Brice stood. “Come on, lads. He has it aright.”
“Cameron has it aright,” Cameron growled. He swept them all with a look. “Must I take you out into the yard as a group and beat the remembrance of who is your laird into your thick heads?”
They all managed some sort of deference before they trooped out of the hall. Cameron watched them go, then realized who hadn’t been there.
Giric.
He turned and walked over to the stairs.
He took them two at a time until he reached the landing, then padded silently down the passageway.
He put his ear to his own door, but heard nothing but Brianna singing happily.
She was no doubt stitching or cleaning or going about something behind a safely locked door.
Cameron continued on down the passageway and stopped in front of Breac’s chamber.
The noises coming from within that chamber had very little to do with grief.
Cameron pushed the door open and looked at the occupants of his brother’s bed. Gilly looked at him in consternation, Giric with a smirk. Cameron leaned against the door and waved them on.
“Finish, by all means.”
“I have,” Giric said, rolling from the bed and pulling a plaid around him. He folded his arms over his chest and looked at Cameron. “You wanted something?”
“My brother’s wife,” Cameron said placidly.
“You cannot have her,” Giric said in a low, dangerous voice.
“Can’t I?” Cameron said. “I believe I have a duty to my brother’s memory.” He looked at Giric coolly. “Or am I mistaken?”
Giric pushed past him. “Watch your back.”
Cameron snorted. “I could best you half asleep.”
Giric cursed him, which Cameron ignored. He looked at Gilly, who was sitting up, clutching a sheet to her throat.

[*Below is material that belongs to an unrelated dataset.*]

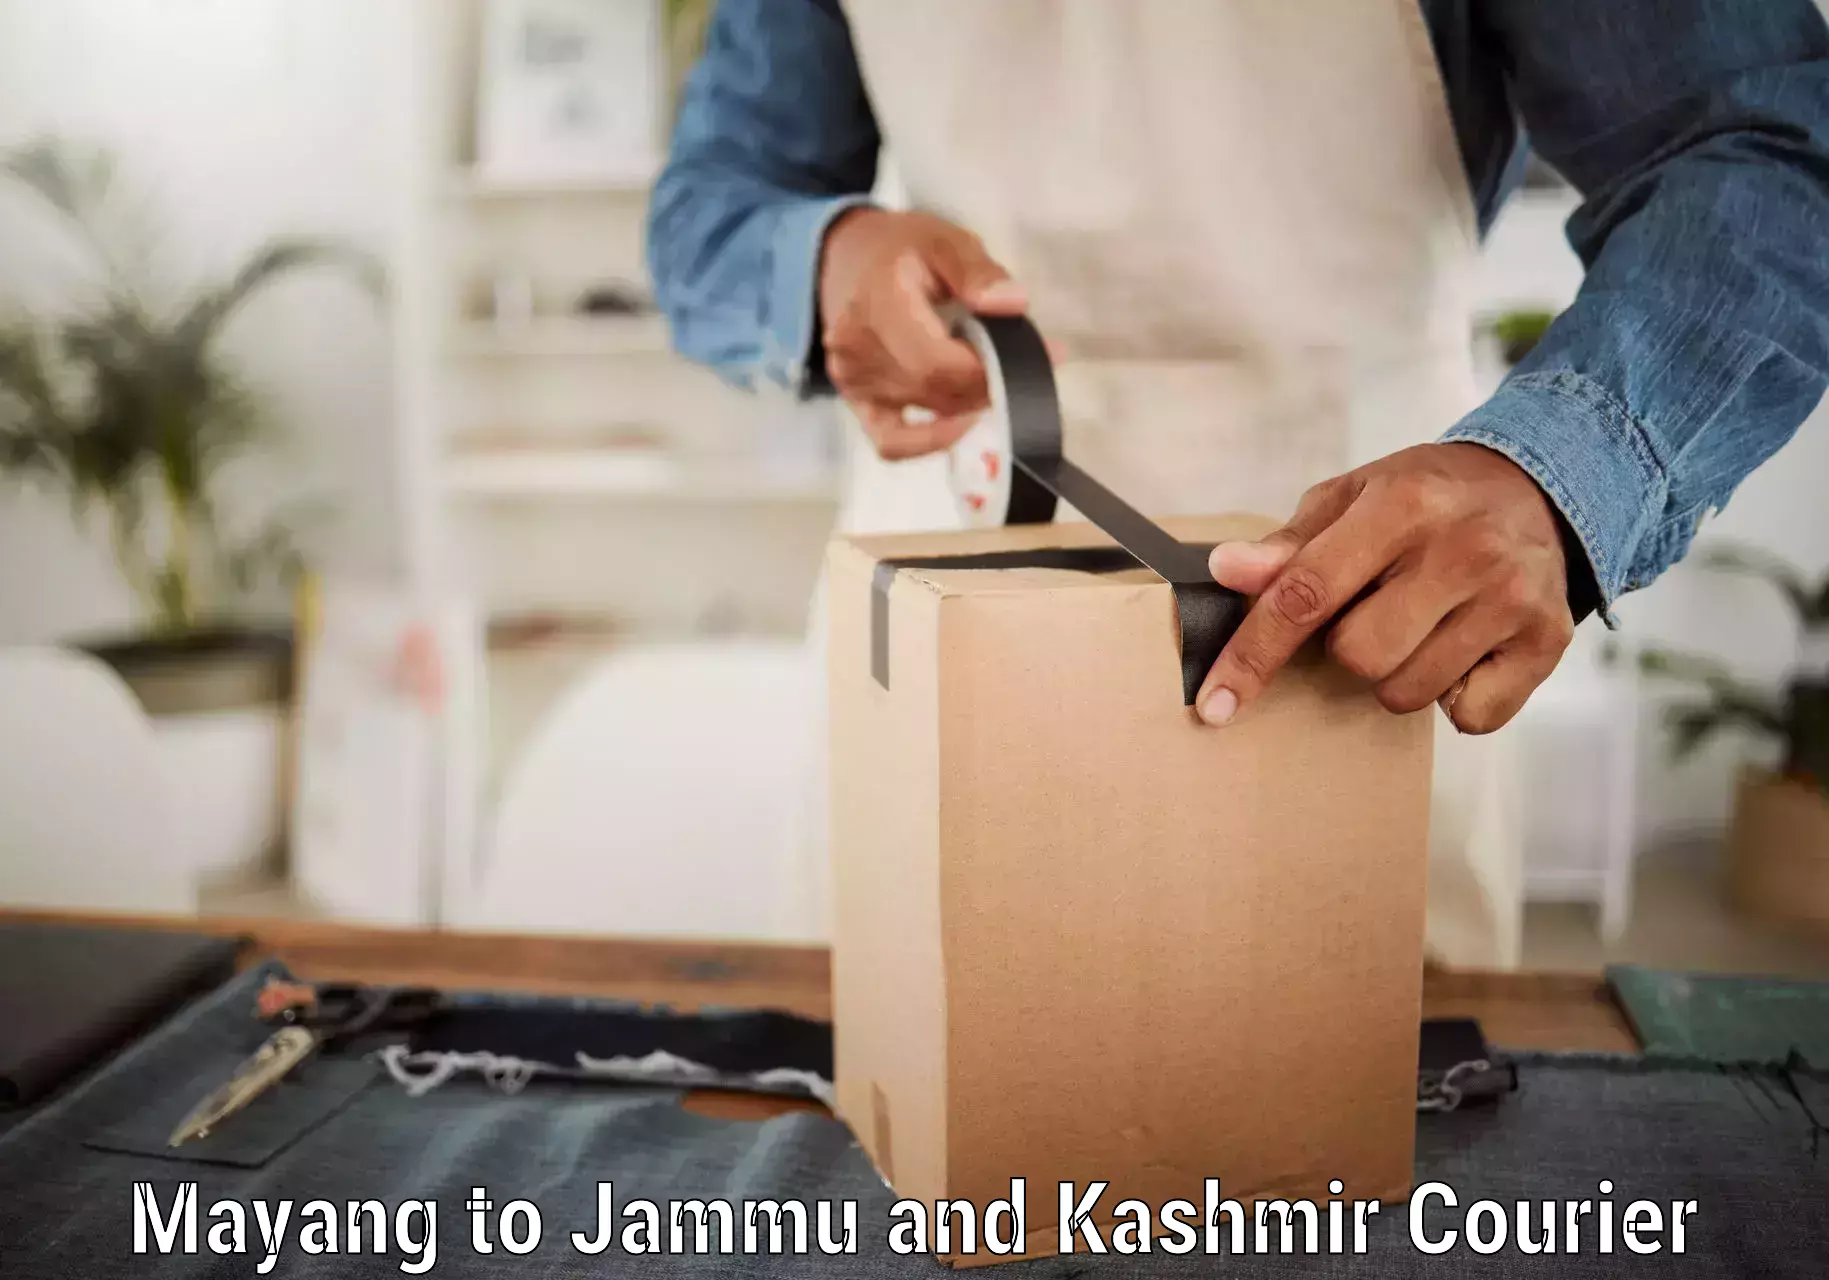 24-hour delivery options Mayang to Jammu and Kashmir

“Get dressed,” he suggested.
“I don’t want to wed you,” she spat.
Well, he certainly shared that sentiment, but it didn’t particularly matter what he wanted.
She pointed to her son with a shaking hand. “He’s not Breac’s, he’s Giric’s.”
Cameron had certainly never considered asking his brother about the state of his marriage bed, his own damnable curiosity aside, but unfortunately for Gilly’s attempt at deceit, Aidan looked exactly as Sim had as a young lad—something Cameron could actually remember quite well.
She was obviously quite desperate to avoid his bed if she was willing to lie to keep herself from it.
And if she was willing to claim she was bearing other men’s children, perhaps he had less of a duty to Breac than he thought. Perhaps he might wed where he willed.
He wondered what sort of uproar it would cause if he wed with the MacLeod witch.
Probably better not to know.
He looked at Gilly. “I’ll give you a se’nnight.”
“I’ll kill you first.”
Cameron grunted at her, then turned and walked back down the passageway. He didn’t doubt she would try, so perhaps he would be safer to camp out in the forest for a bit until she had accustomed herself to her fate.
Besides, that would put him closer to Sunshine.
That was certainly the most pleasant thought he’d entertained in the past quarter hour.
He went to join his men in a bit of training, but he supposed he wouldn’t be at it long. His side ached abominably and he knew just where he could go for a few herbs.
Could he be blamed if his heart might be eased by the same woman?